Brief
The lines below must be transcribed exactly as given, with the images removed.

[Dataset items]
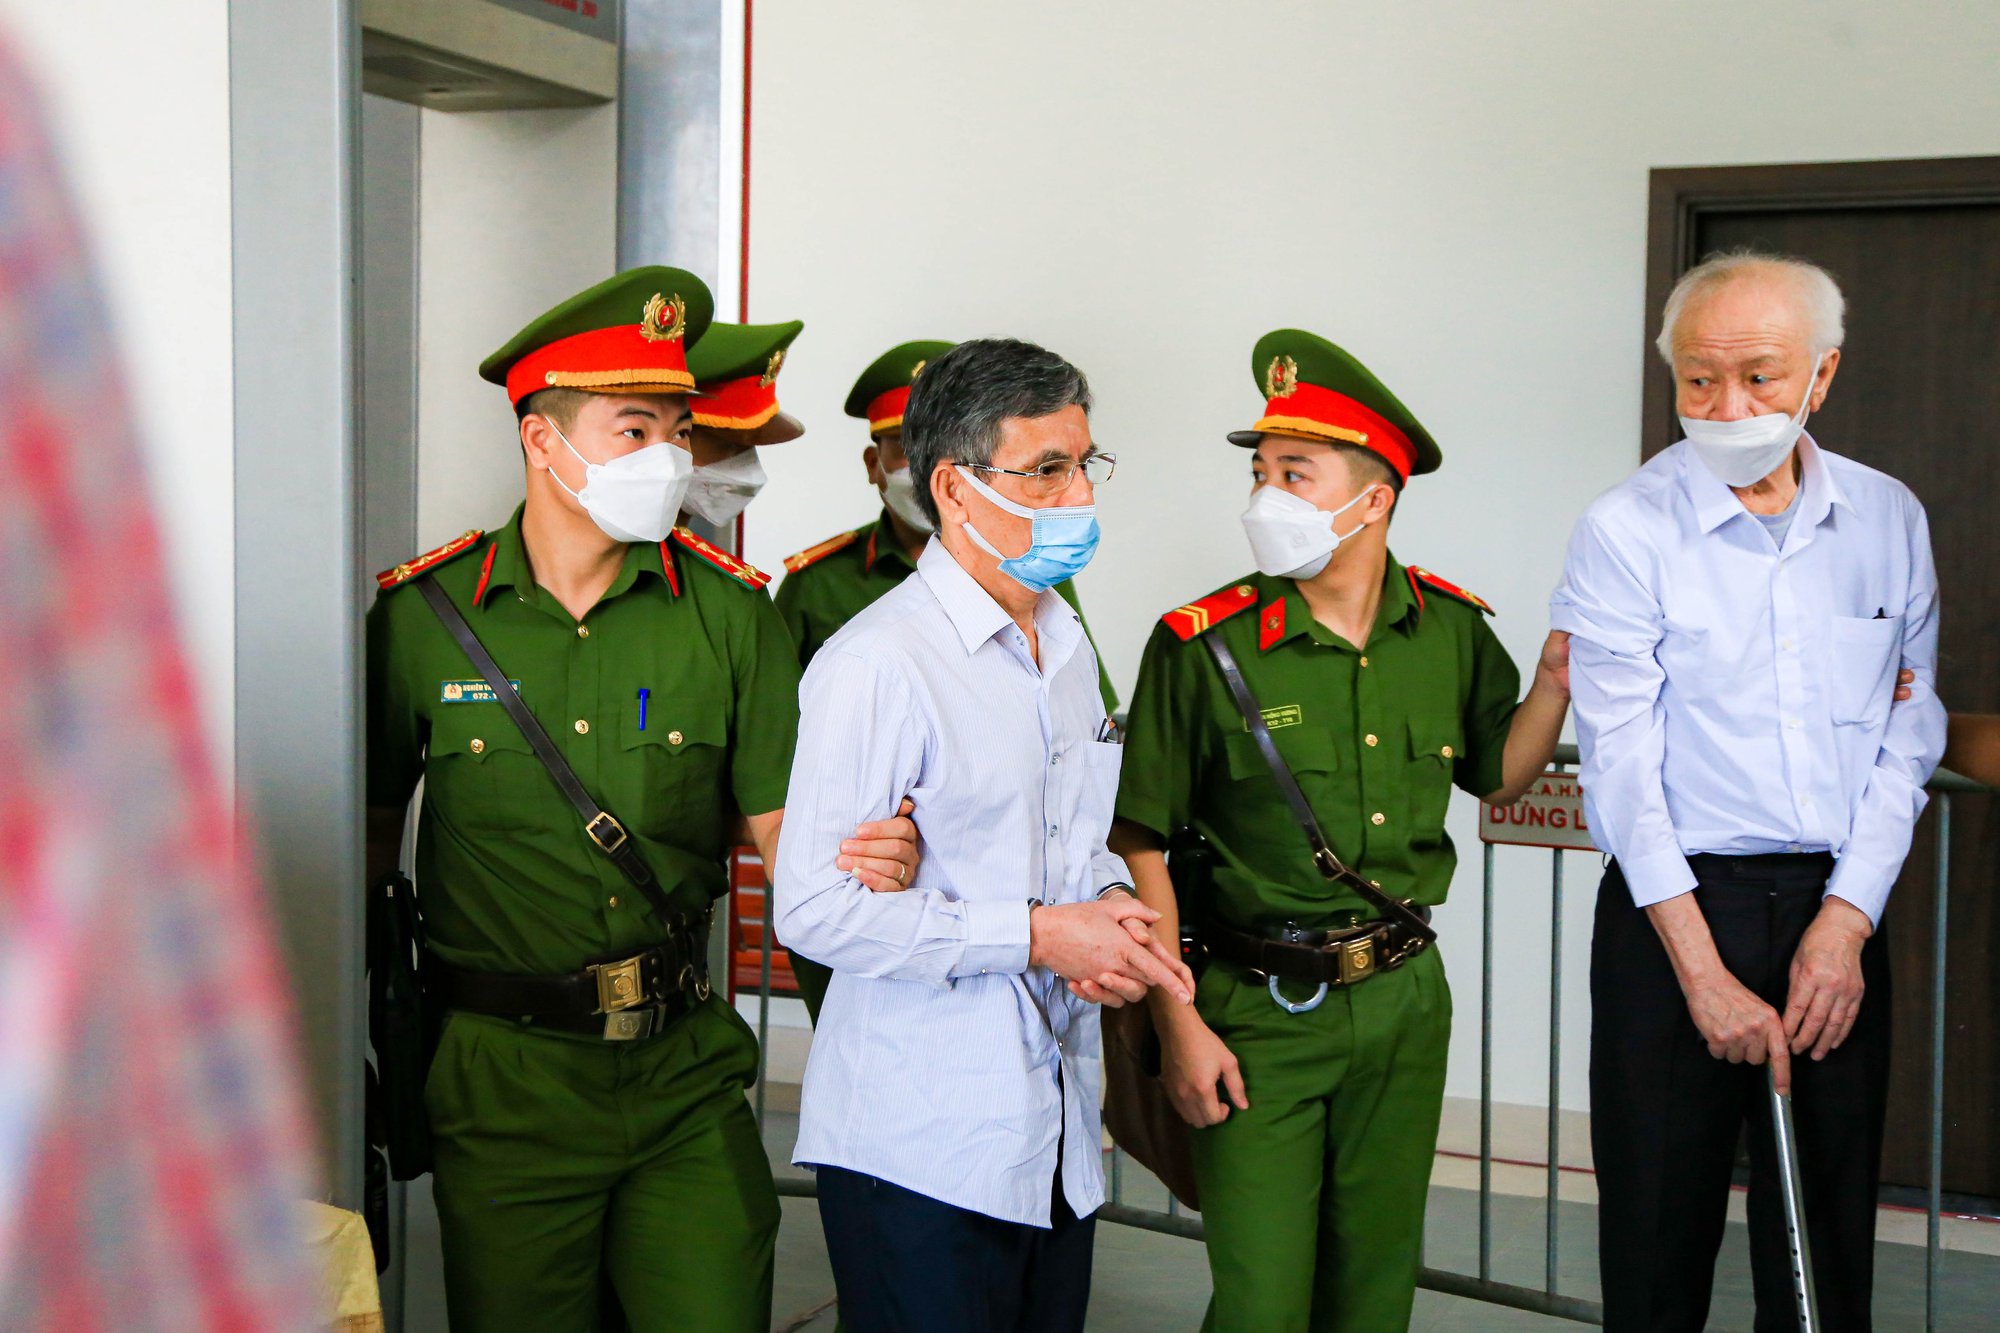 Cựu bí thư Bình Dương Trần Văn Nam cùng các đồng phạm bị dẫn giải tới tòa - Ảnh 11.
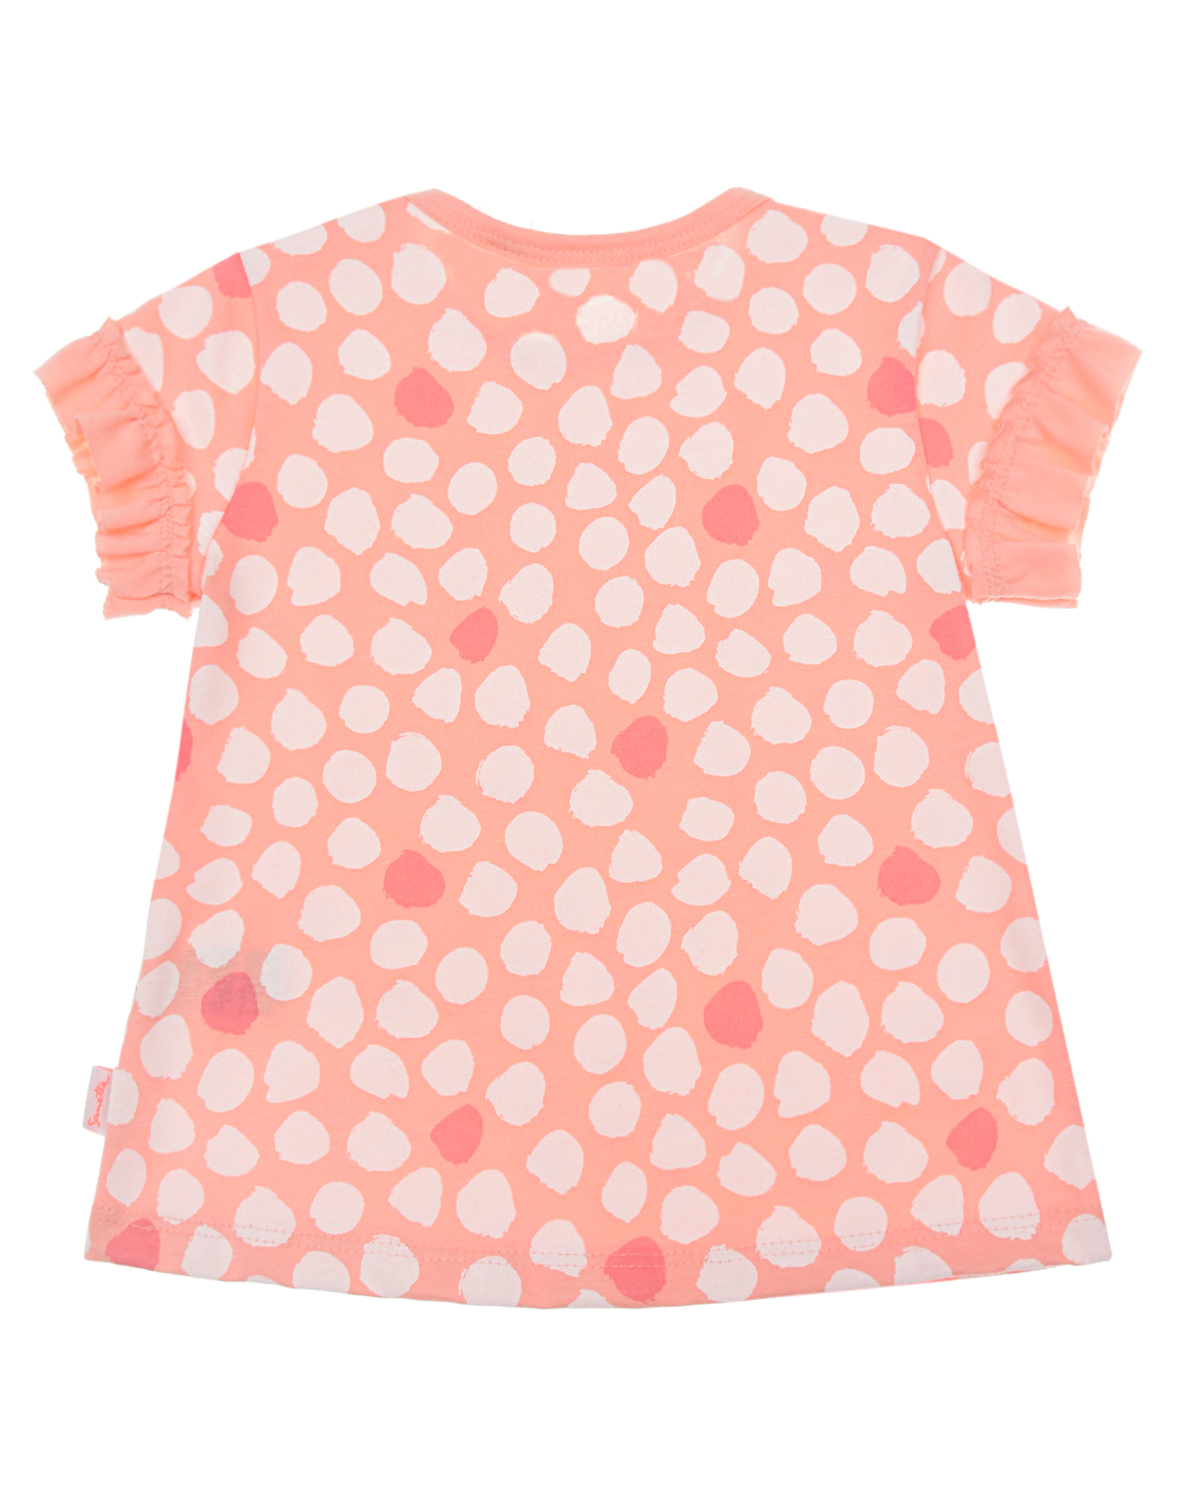 Футболка персикового цвета с принтом в горошек Sanetta Kidswear детская, размер 62 - фото 2
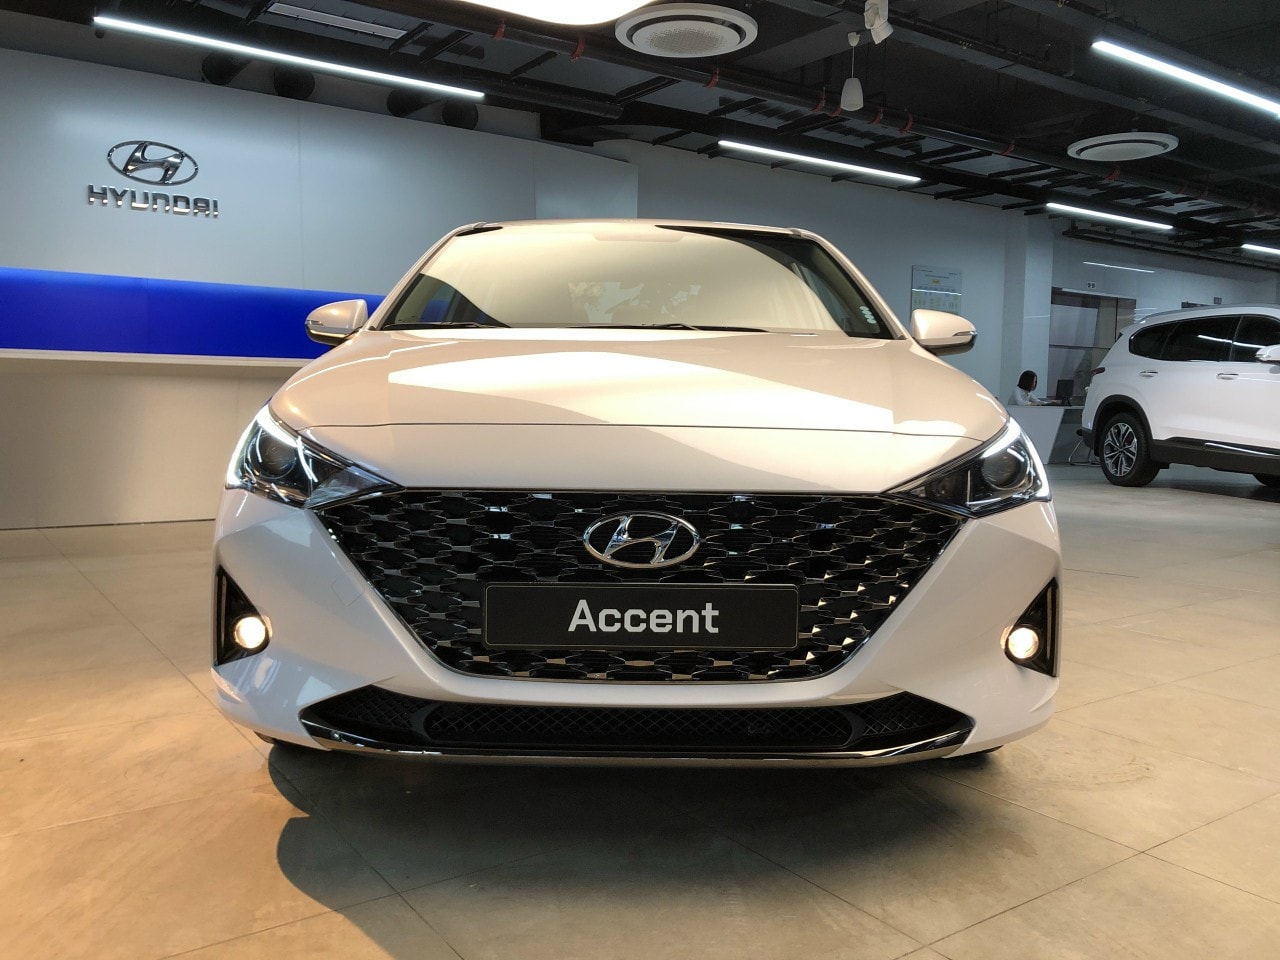 Đại lý ồ ạt nhận đặt cọc Hyundai Accent 2021: Bản full giá dự kiến cao nhất 570 triệu đồng - Ảnh 2.
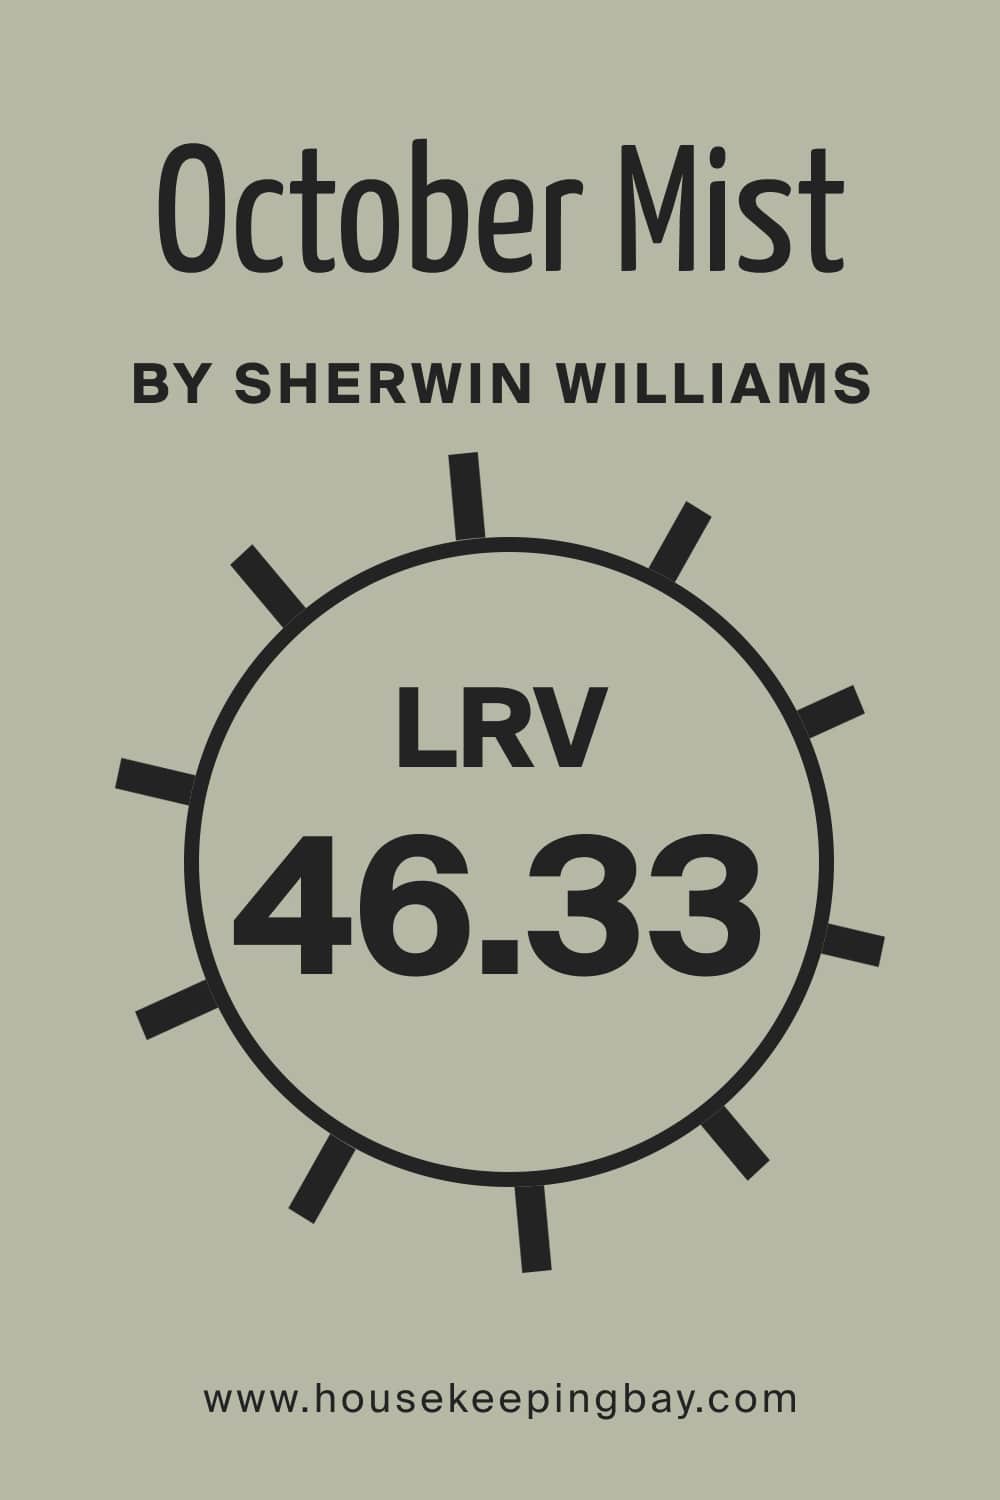 LRV is 46.33 – October Mist
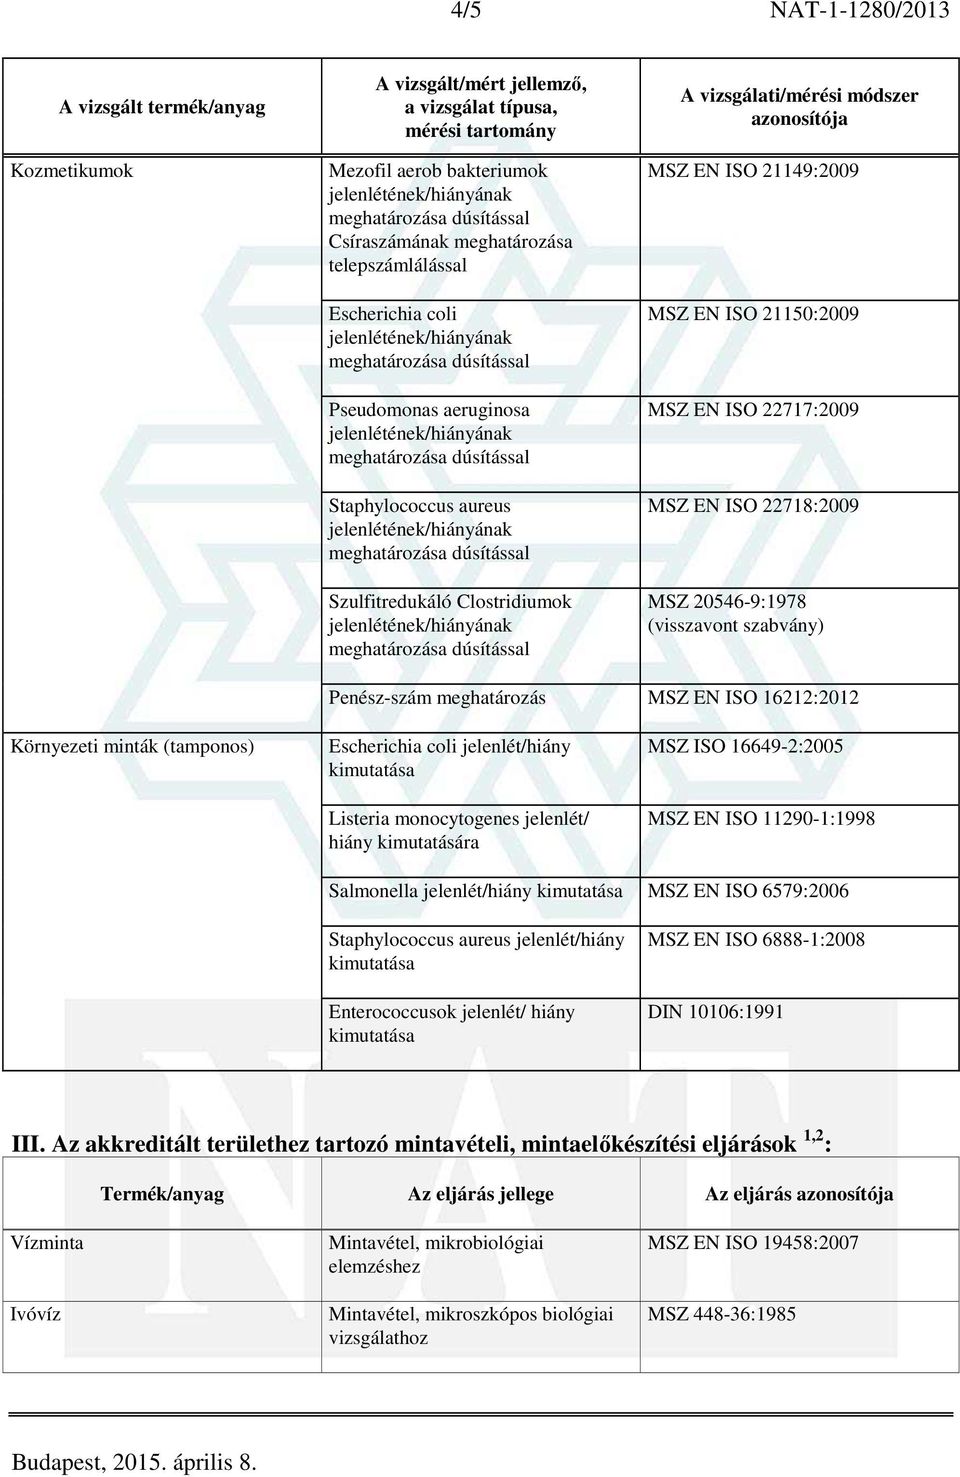 jelenlét/hiány Listeria monocytogenes jelenlét/ hiány kimutatására MSZ ISO 16649-2:2005 MSZ EN ISO 11290-1:1998 Salmonella jelenlét/hiány MSZ EN ISO 6579:2006 Staphylococcus aureus jelenlét/hiány

Answer
 Cựu bí thư Bình Dương Trần Văn Nam cùng các đồng phạm bị dẫn giải tới tòa - Ảnh 11.
 Футболка персикового цвета с принтом в горошек Sanetta Kidswear детская, размер 62 - фото 2
 Đại lý ồ ạt nhận đặt cọc Hyundai Accent 2021: Bản full giá dự kiến cao nhất 570 triệu đồng - Ảnh 2.
 LRV is 46.33 – October Mist
 jelenlét/hiány Listeria monocytogenes jelenlét/ hiány kimutatására MSZ ISO 16649-2:2005 MSZ EN ISO 11290-1:1998 Salmonella jelenlét/hiány MSZ EN ISO 6579:2006 Staphylococcus aureus jelenlét/hiány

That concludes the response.